Wait so you cant use big tanks for preparing?


----------



## homegrown terror (Aug 6, 2012)

ChoclateBetta said:


> Wait so you cant use big tanks for preparing?


because then they'd have more "moving around" space, which would lead to them using more energy rather than storing it. kinda like how if a person never gets off the couch they get fat.


----------



## ChoclateBetta (Jul 22, 2012)

But dont fat people have less energy?


----------



## homegrown terror (Aug 6, 2012)

ChoclateBetta said:


> But dont fat people have less energy?


fat tissue is actually stored energy, it's the body's way of preparing for tougher times when food would be scarcer.


----------



## ChoclateBetta (Jul 22, 2012)

Okay. Its just it seems the people with more excerise hare more energy. The fatter people I know have less engergy to move. But you know the breeding better.


----------



## Darth (Nov 19, 2012)

Before you spawn your bettas, do you always keep them from seeing each other, many breederds keep cards or paper between the glasses, what are any of your thoughts on when and why to cover?


----------



## homegrown terror (Aug 6, 2012)

ChoclateBetta said:


> Okay. Its just it seems the people with more excerise hare more energy. The fatter people I know have less engergy to move. But you know the breeding better.

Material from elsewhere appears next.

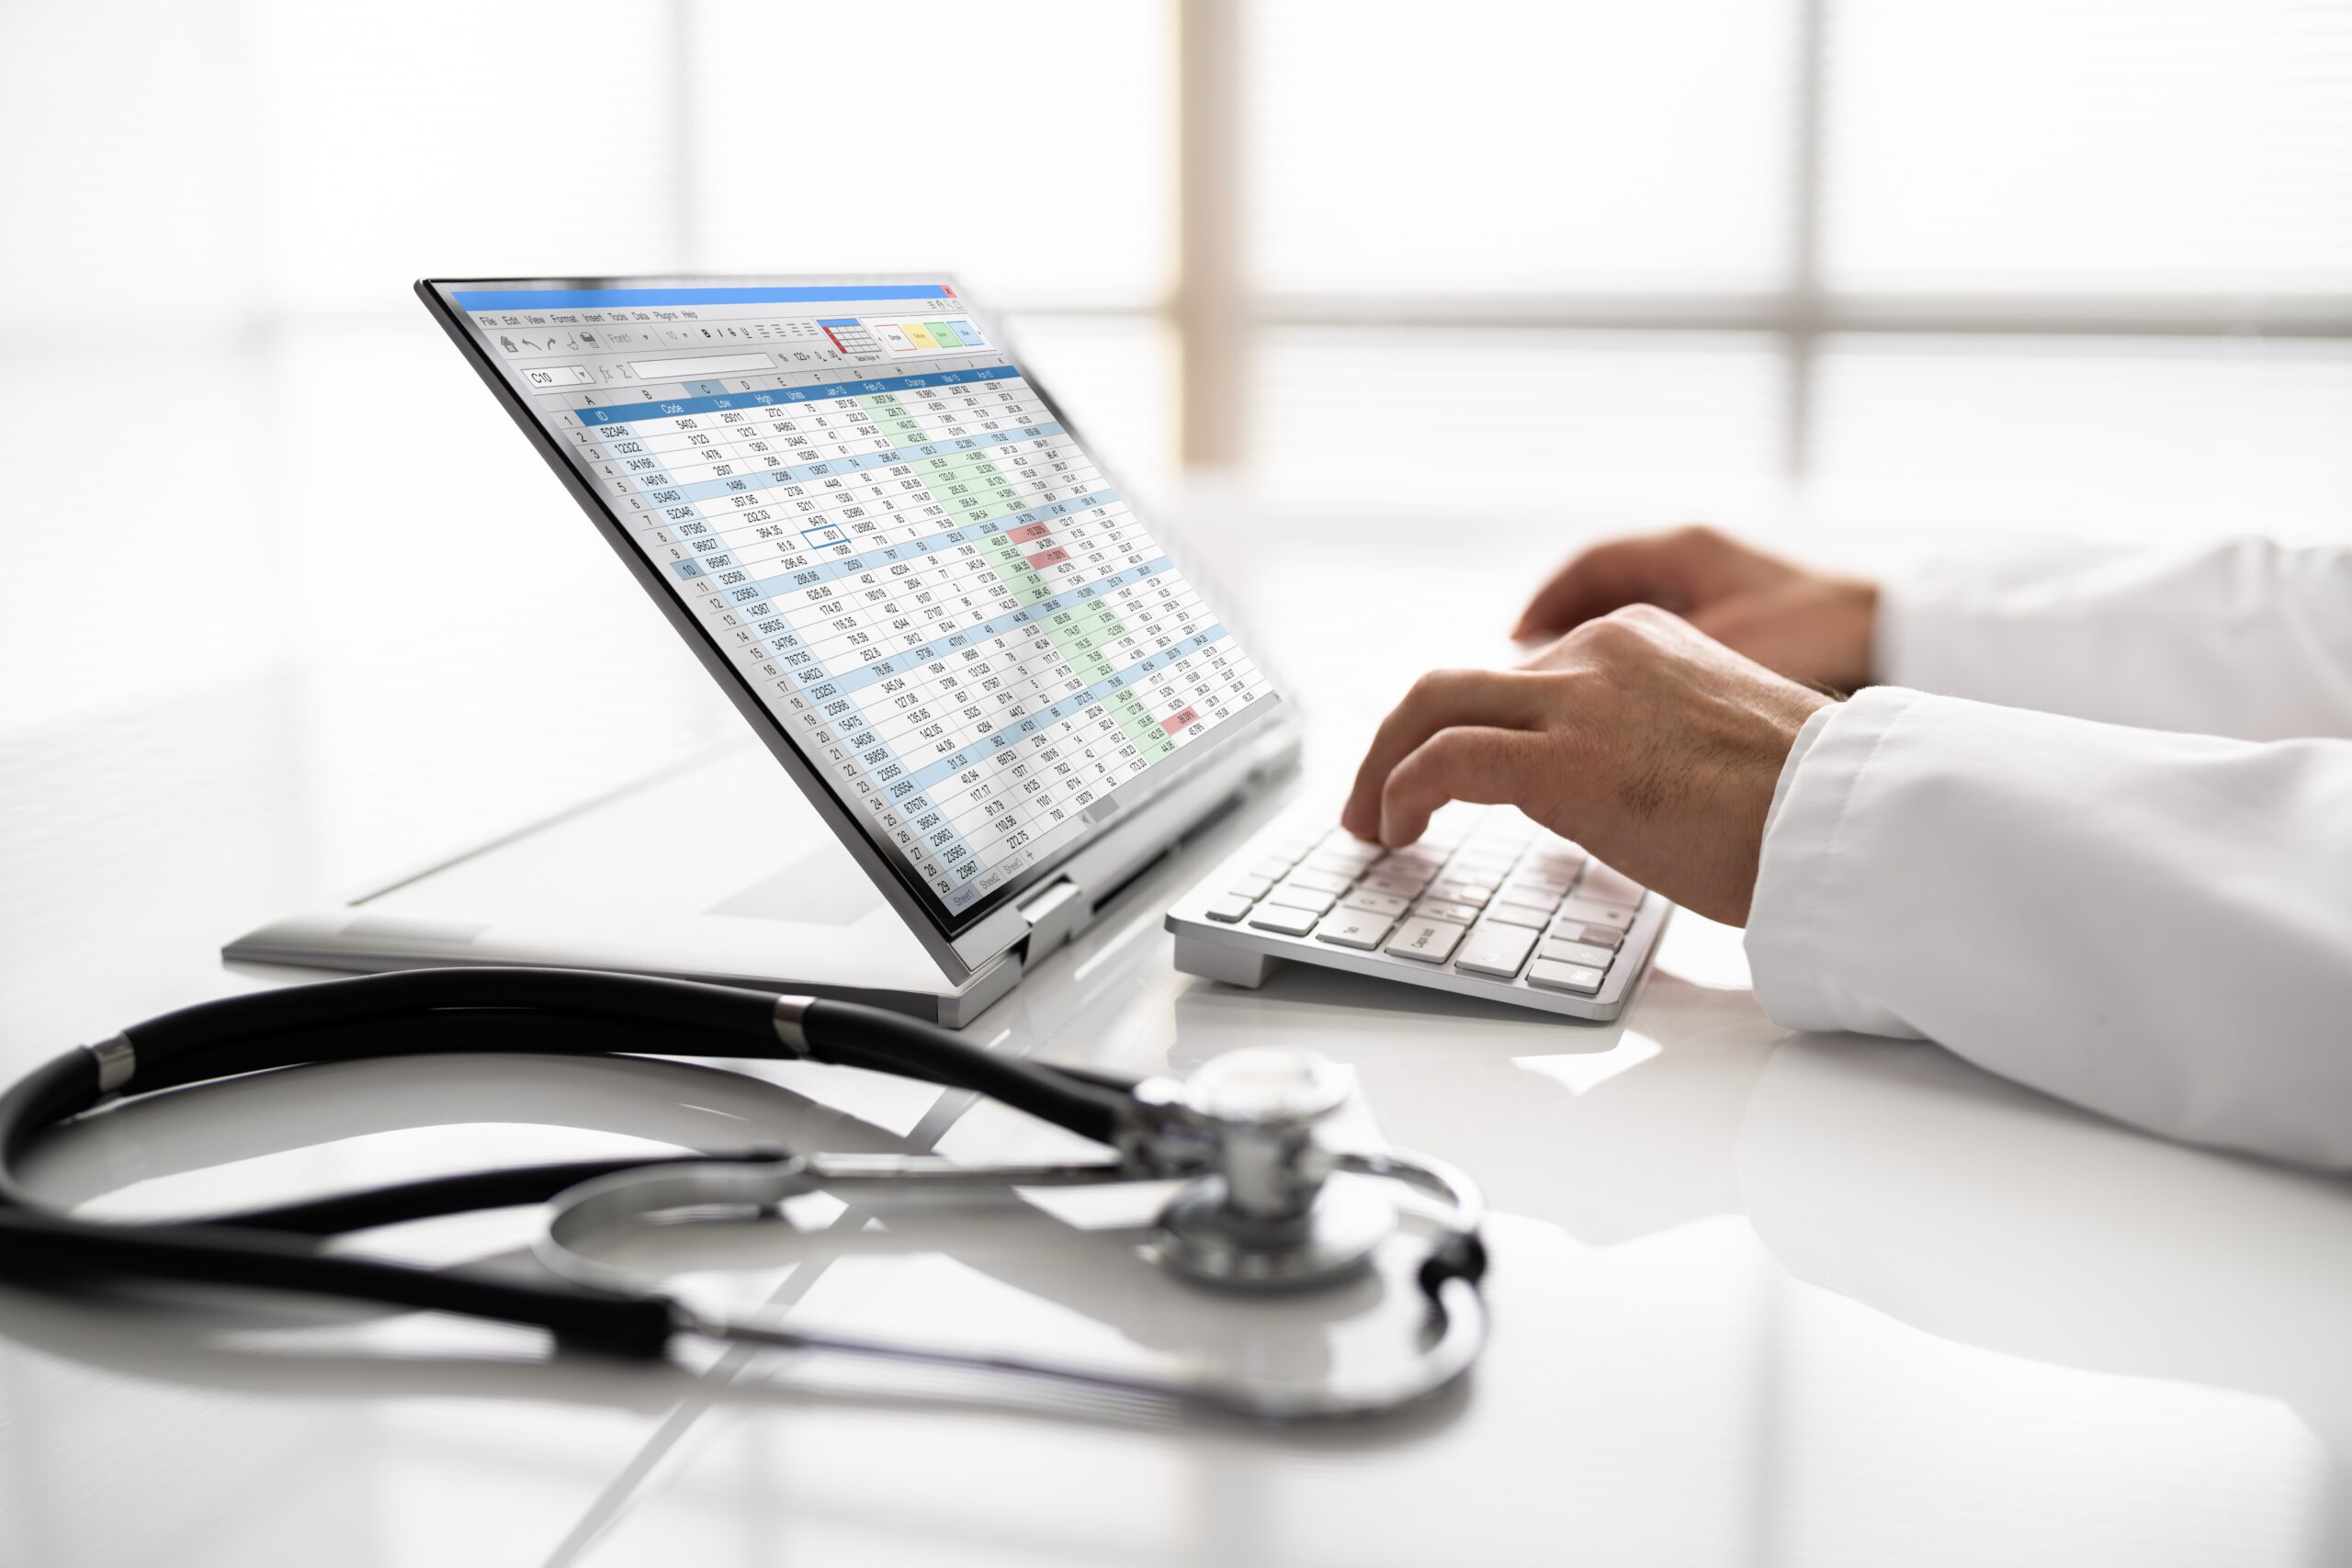 Full Revenue Cycle Management for healthcare providers

i've actually never bred before, i've just been doing several months of research before i even try, so i don't end up making the traditional first-timer mistakes.


----------



## ChoclateBetta (Jul 22, 2012)

Thats what I mean you reaaly know your stuff. I have an entire book on live food. Turns out you can use vases to supplment fish fry food.


----------



## dszoo (Aug 19, 2012)

Thanks everyone for the replies. 

First yes these are conditioning containers, I like to condition in smaller setup vs a bigger one. You can't tell it to well from the pic but I have IAL in there too. The female is normally housed in my sorority tank, once I spawn her she'll go back into the conditioning container with IAL and be feed however much she'll eat to recover before going back to the sorority tank.

I'm specifically only allowing this pair to see each other for 5-10 minutes each day for the whole 2+ weeks I am conditioning them. 

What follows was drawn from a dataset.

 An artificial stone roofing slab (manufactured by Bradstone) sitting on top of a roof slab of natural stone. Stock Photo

When I first started allowing them to see each other she didn't show breeding stripes, it wasn't until day 4 or 5. That was also when I noticed she was full of eggs, it was a massive change in her belly area. 

Another wild thing I noticed this morning when I allowed them to see each other, was the male literally tried to embrace her through the container. She flirts with him too when they are seeing each other. 

I am thinking that when they go into the spawning tank they'll be introduced together. My goal in my method is to produce some really horny fish which I think I have based on the males behavior this morning. 

For my non conditioning males I exercise (flare them) every other day. 

I really like the fighters sure they're not the fancy colors and what not but they are as tough as nails and very spunky  I do have fancy plakats (hmpk) too, that maybe one day I'll cross into the fighter line.


----------



## Darth (Nov 19, 2012)

See? everyone has his or her methods, I have been a breeder for 35 years, and there is ALWAYS something to learn!!


----------



## ChoclateBetta (Jul 22, 2012)

I know everyone has there method.


----------